In the present specification, each of expressions such as “A or B”, “at least one of A and B”, “at least one of A or B”, “A, B, or C”, “at least one of A, B, and C”, and “at least one of A, B, or C” may include any one of the items listed in the expression or all possible combinations thereof.

Hereinafter, a preferred embodiment of the present disclosure will be described in detail with reference to the accompanying drawings.

FIG. 1 is a view illustrating a system for providing full-body motion interaction using multiple mobile cameras according to an embodiment of the present disclosure.

Referring to FIG. 1, the system for providing full-body motion interaction using multiple mobile cameras according to an embodiment of the present disclosure includes a full-body motion interaction provision apparatus 110, user terminals 120-1 to 120-N, and a network.

The full-body motion interaction provision apparatus 110 estimates a joint outside the field of view of a user camera by using self-joint detection information captured by multiple user cameras mounted on a user.

Here, the multiple user cameras are mounted around the head of the user and may include a front camera for capturing in a direction in front of the user, a left camera for capturing in a direction toward the ground from the left side of the user, and a right camera for capturing in the direction toward the ground from the right side of the user.

Here, the front camera, the left camera, and the right camera operate in a unified coordinate system, and may correspond to RGBD cameras with standard lenses.

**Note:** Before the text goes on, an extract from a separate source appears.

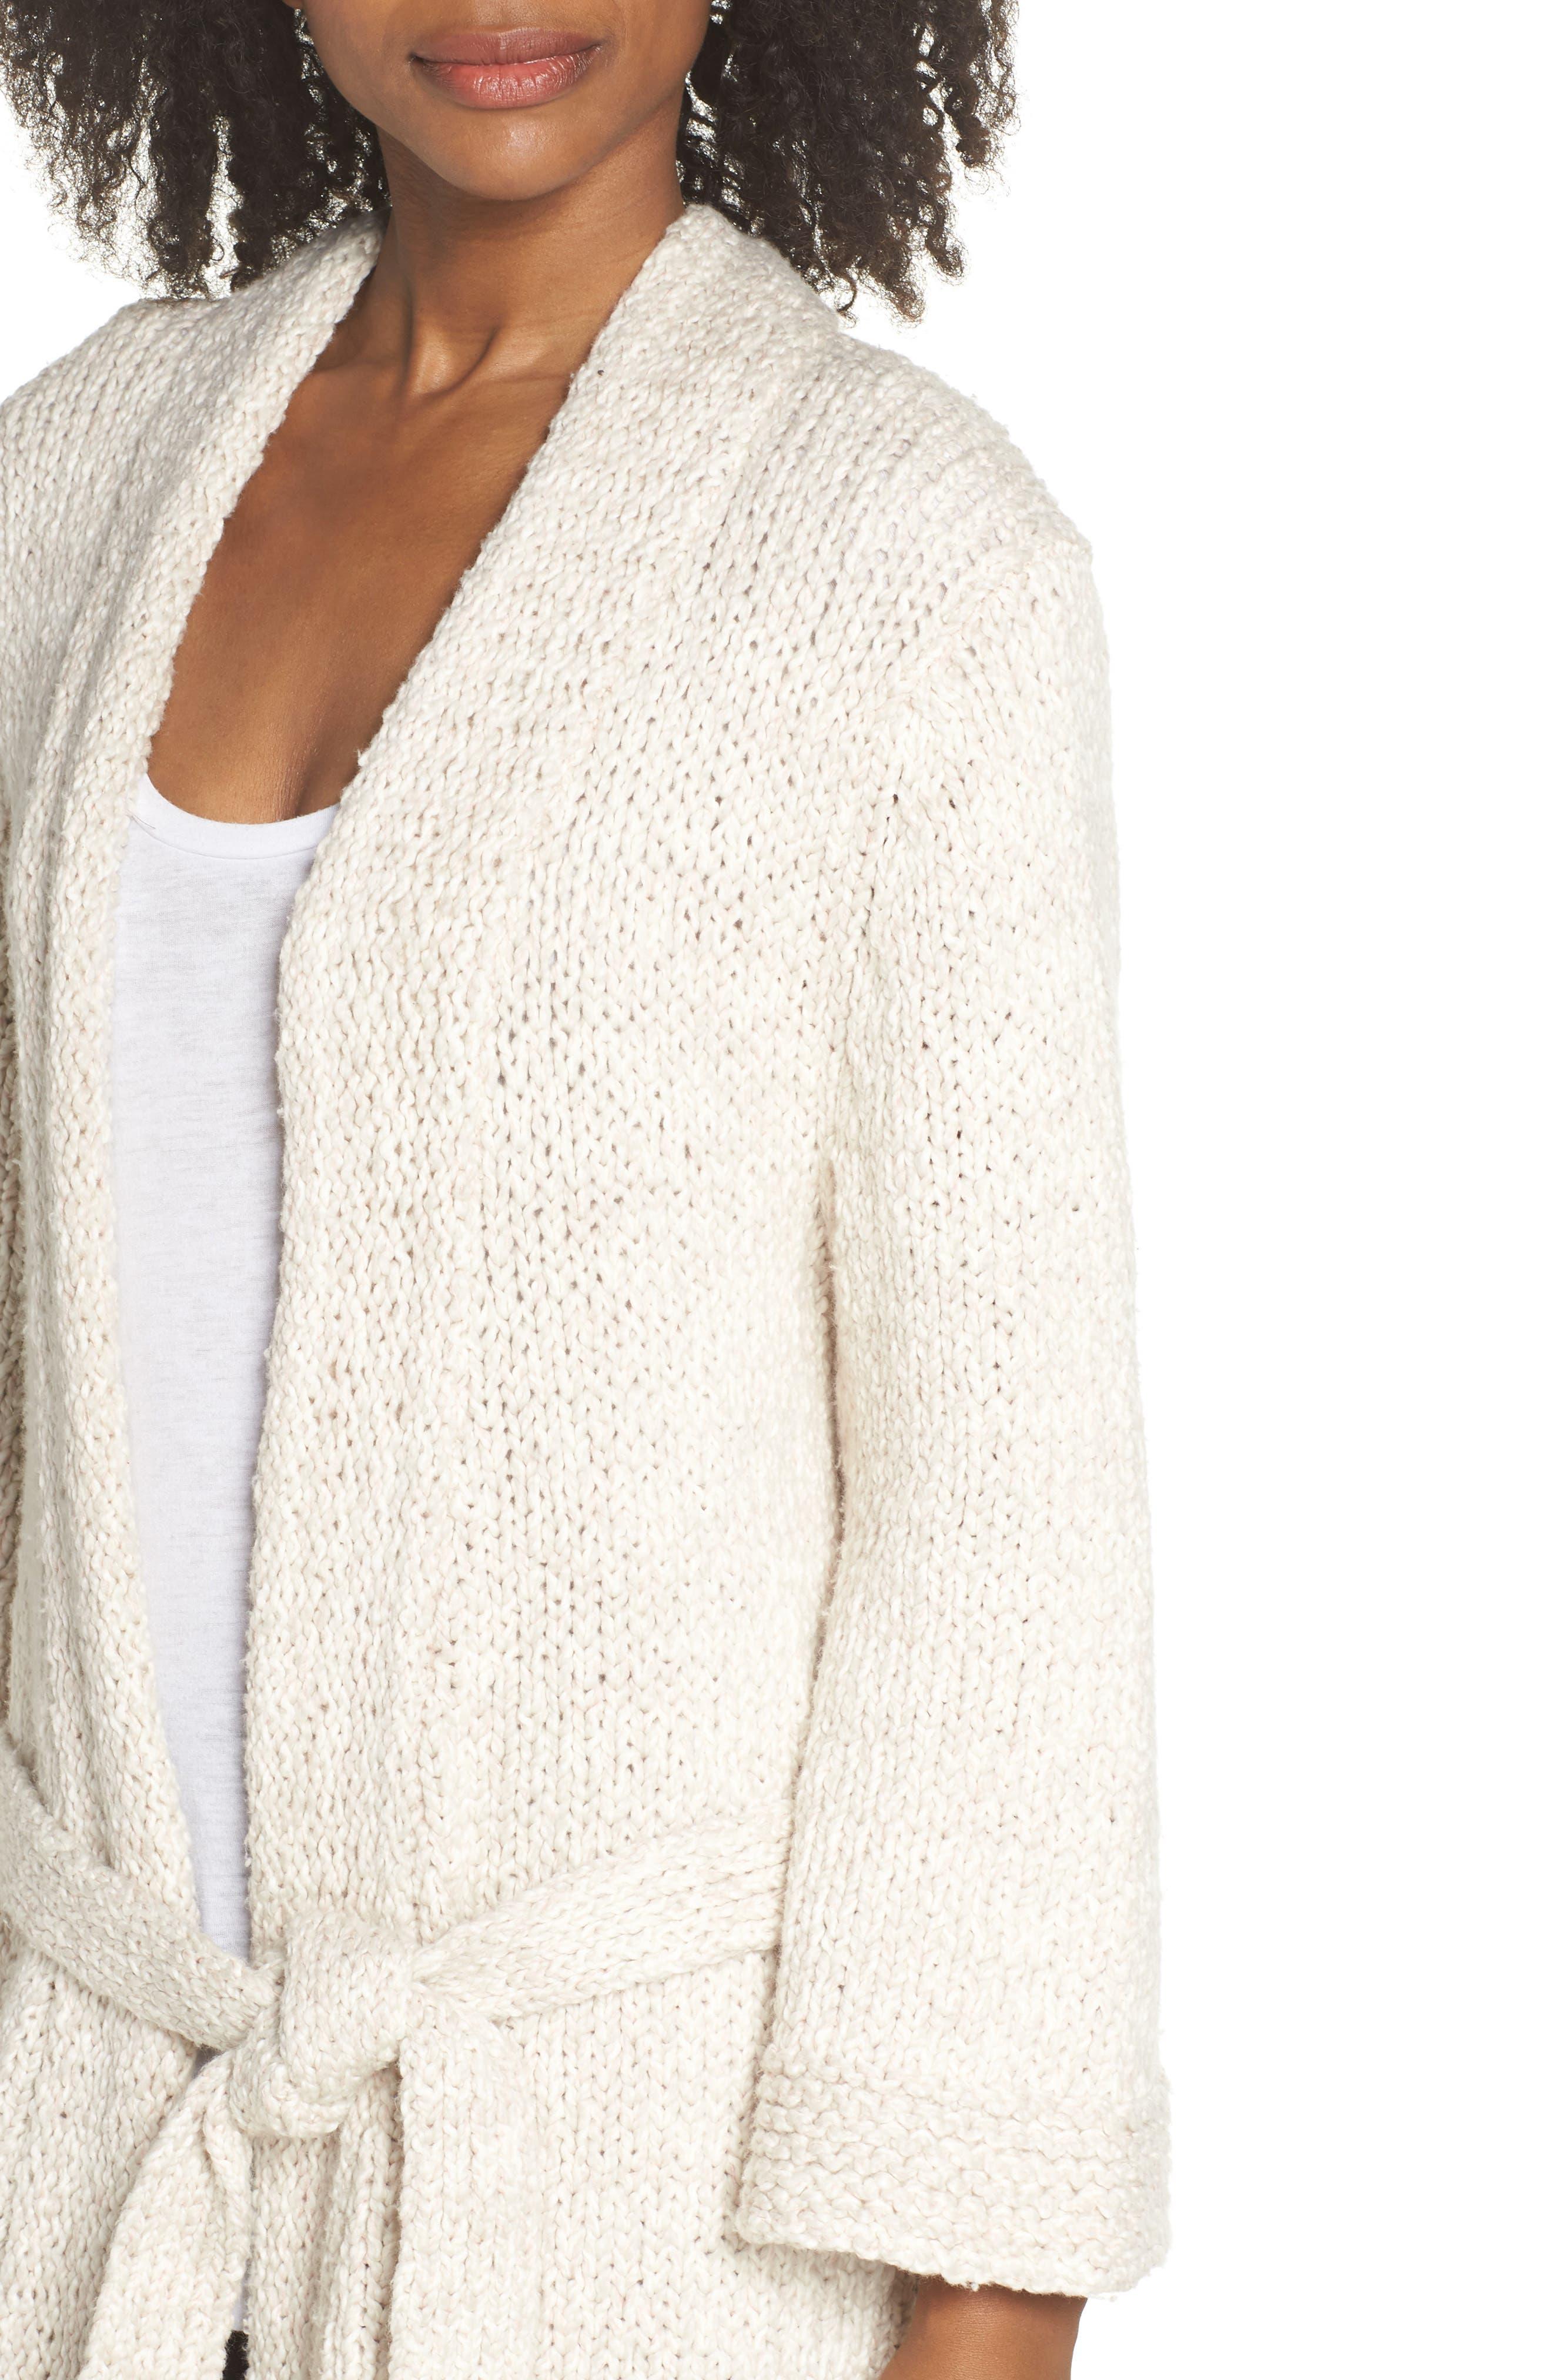 Kadia Organic Cotton Wrap,                             Alternate thumbnail 4, color,                             900

Here, the body regions of the user visible in the field of view of the user camera may be identified, a reference point for each of the identified body regions may be set, and the direction of the joint outside the field of view of the user camera may be estimated based on principal component analysis considering the reference point.

Here, the principal component analysis may comprise inferring the position of at least one adjacent joint from the reference point and setting a weight for the position of the adjacent joint.

Here, the weight may be set higher as the position is closer to the reference point, and may be set lower as the position is more distant from the reference point.

Here, the adjacent joint may correspond to a joint directly connected to a joint corresponding to the reference point in terms of body structure.

Also, the full-body motion interaction provision apparatus 110 searches for the camera of an additional user located in the same space as the user based on landmark information extracted from the images captured by the multiple user cameras.

Here, the landmark information may be extracted based on the images captured by the multiple user cameras, a global coordinate system may be set by combining the landmark information, the position and orientation of the user may be determined in the global coordinate system, and the camera of the additional user may be detected based on the position and orientation of the user.

Also, the full-body motion interaction provision apparatus 110 selects candidate joint information for the joint outside the field of view of the user camera in other-user joint detection information captured by the camera of the additional user.

Here, an image captured by the camera of the additional user is converted into the global coordinate system, and the joint information of the user in the image captured by the camera of the addition user is classified based on the position and orientation of the user, whereby the other-user joint detection information may be generated.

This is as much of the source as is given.